Final answer:
SOR (Successive Over-Relaxation) and SSOR (Symmetric Successive Over-Relaxation) are iterative methods used to solve a system of linear equations. The relaxation parameter ω is used to control the convergence rate.
Step-by-step explanation:
SOR (Successive Over-Relaxation) and SSOR (Symmetric Successive Over-Relaxation) are iterative methods used to solve a system of linear equations. These methods are often used when solving large-scale systems with sparse matrices. Both SOR and SSOR use the relaxation parameter ω to control the convergence rate of the iterative process.

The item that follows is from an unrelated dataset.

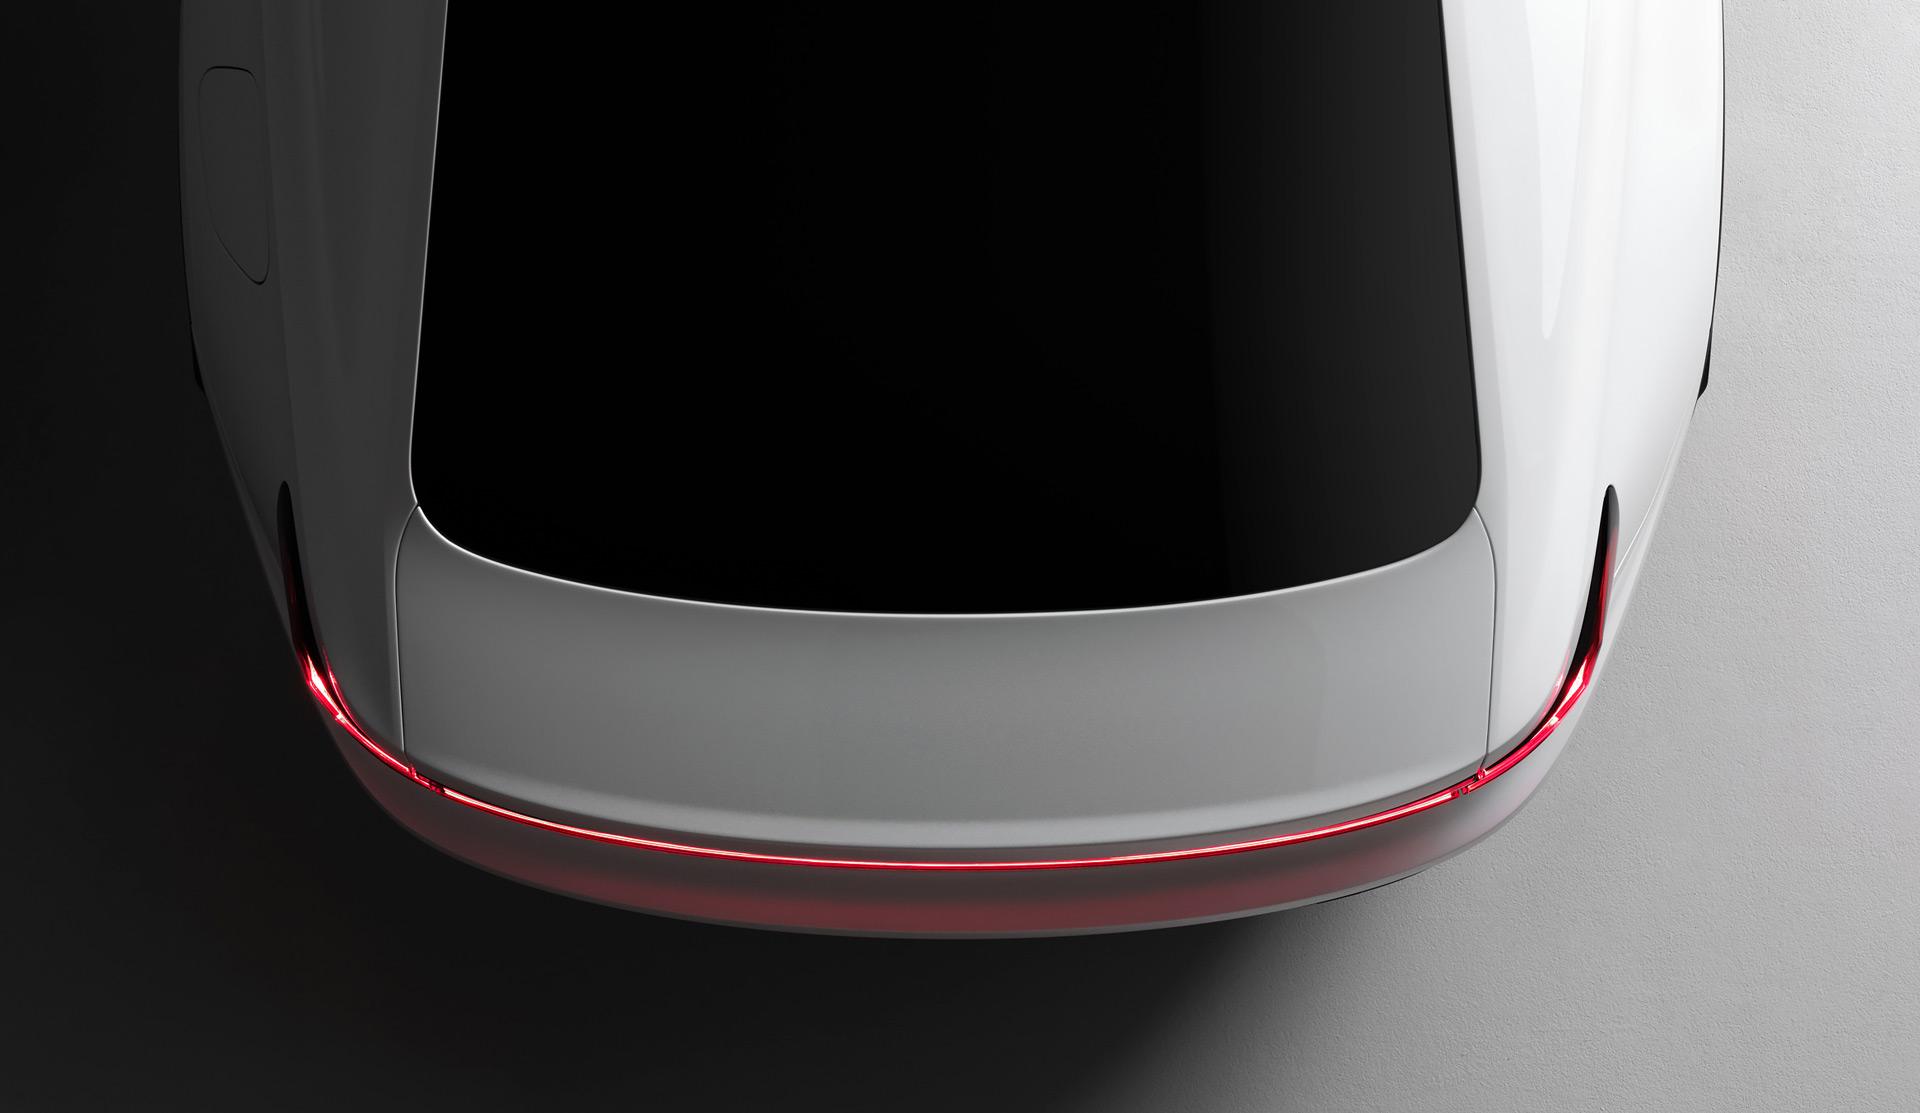 Tesla recall, Lucid efficiency, Polestar interiors, electric fire truck: Today's Car News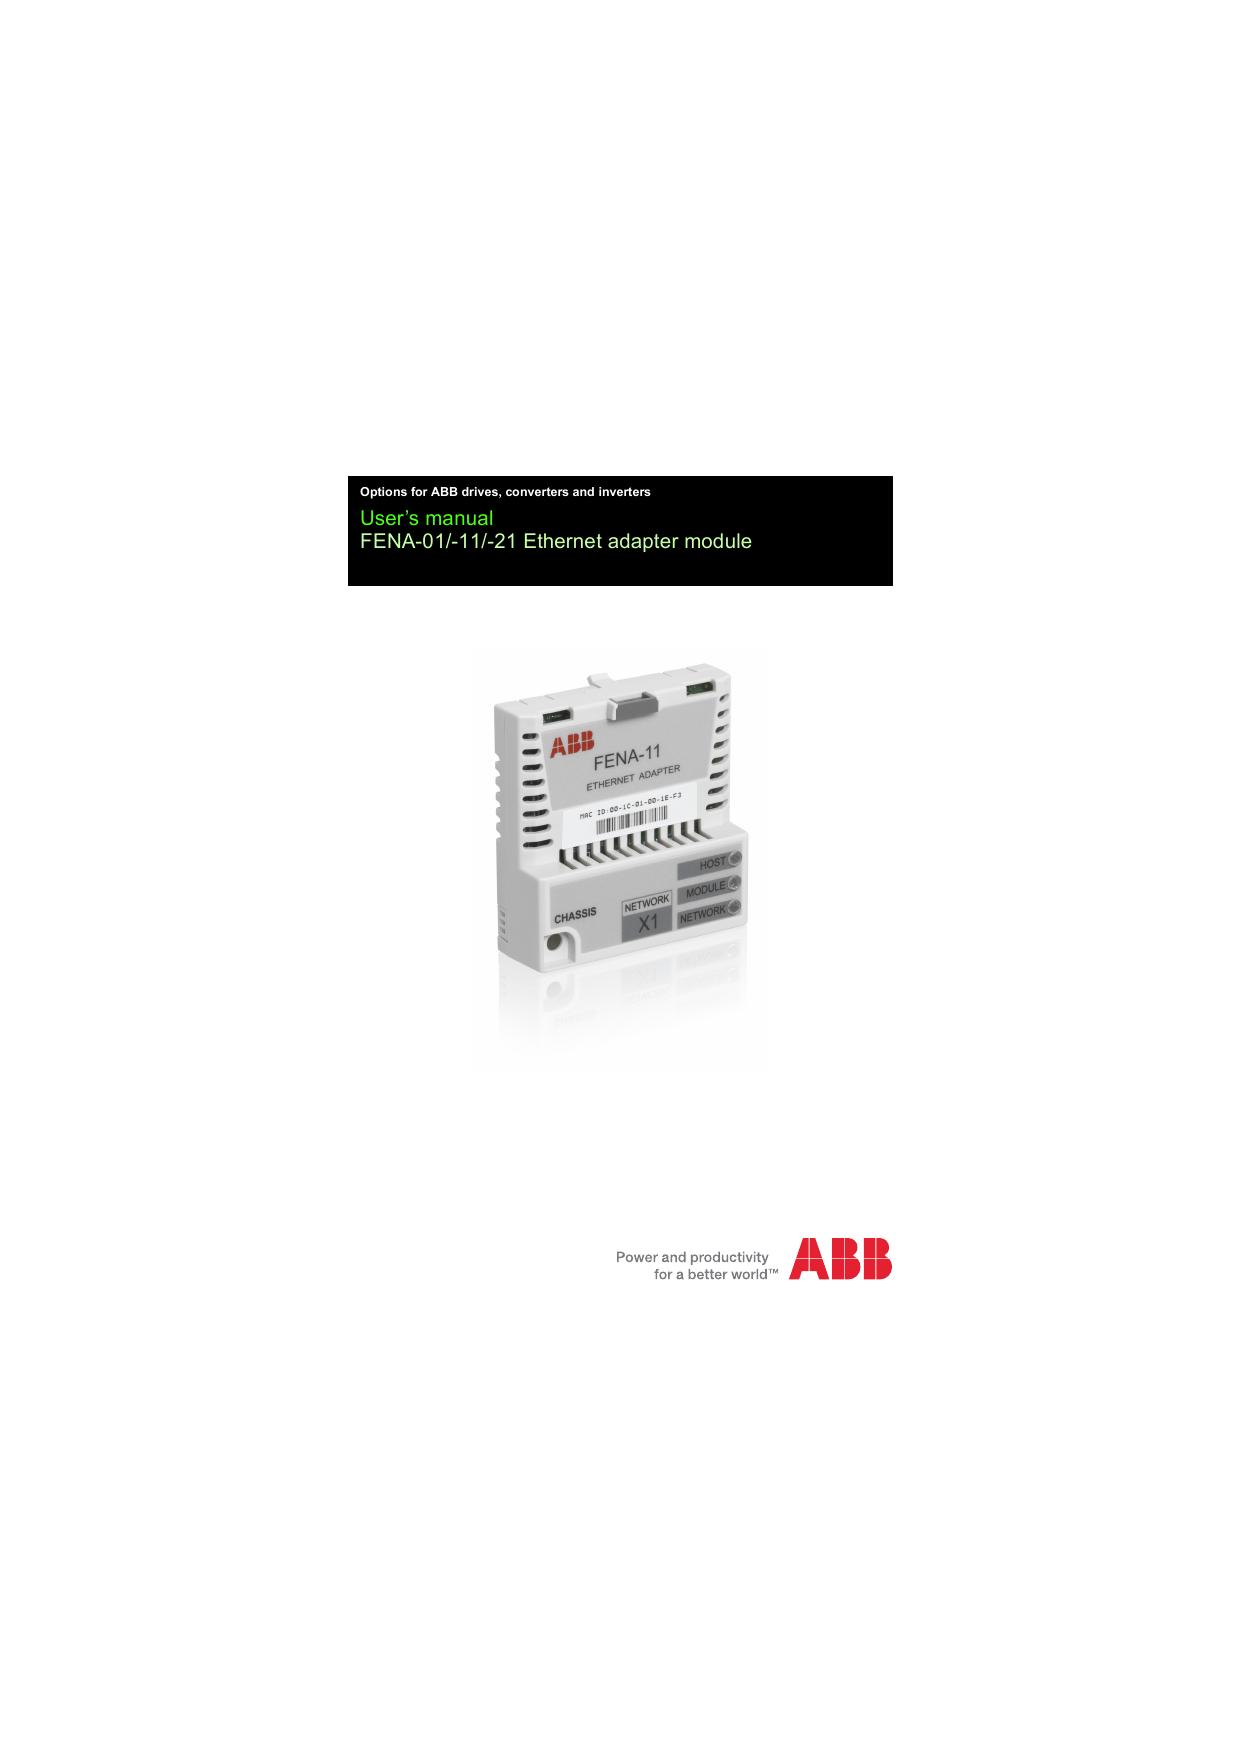 FENA-01/-11/-21 Ethernet adapter module user`s manual

Choosing the Relaxation Parameter ω
Choosing the optimal relaxation parameter ω for SOR or SSOR is important to ensure efficient convergence. The value of ω can be found experimentally or by using heuristics. Generally, a good value for ω lies between 0 and 2, with higher values leading to faster convergence in some cases.
Modifying Gauss-Seidel with SOR
Gauss-Seidel is an iterative method similar to SOR but without the relaxation parameter ω. To modify Gauss-Seidel to use SOR, we introduce the relaxation parameter ω into the updating equation. The updated equation becomes xn+1 = (1-ω)xn + ωx'.
Benefits of SOR
The benefits of SOR include faster convergence compared to Gauss-Seidel and improved stability. By carefully selecting the relaxation parameter ω, SOR can converge in fewer iterations and can handle a wider range of coefficient matrices that would otherwise lead to slow or non-convergence.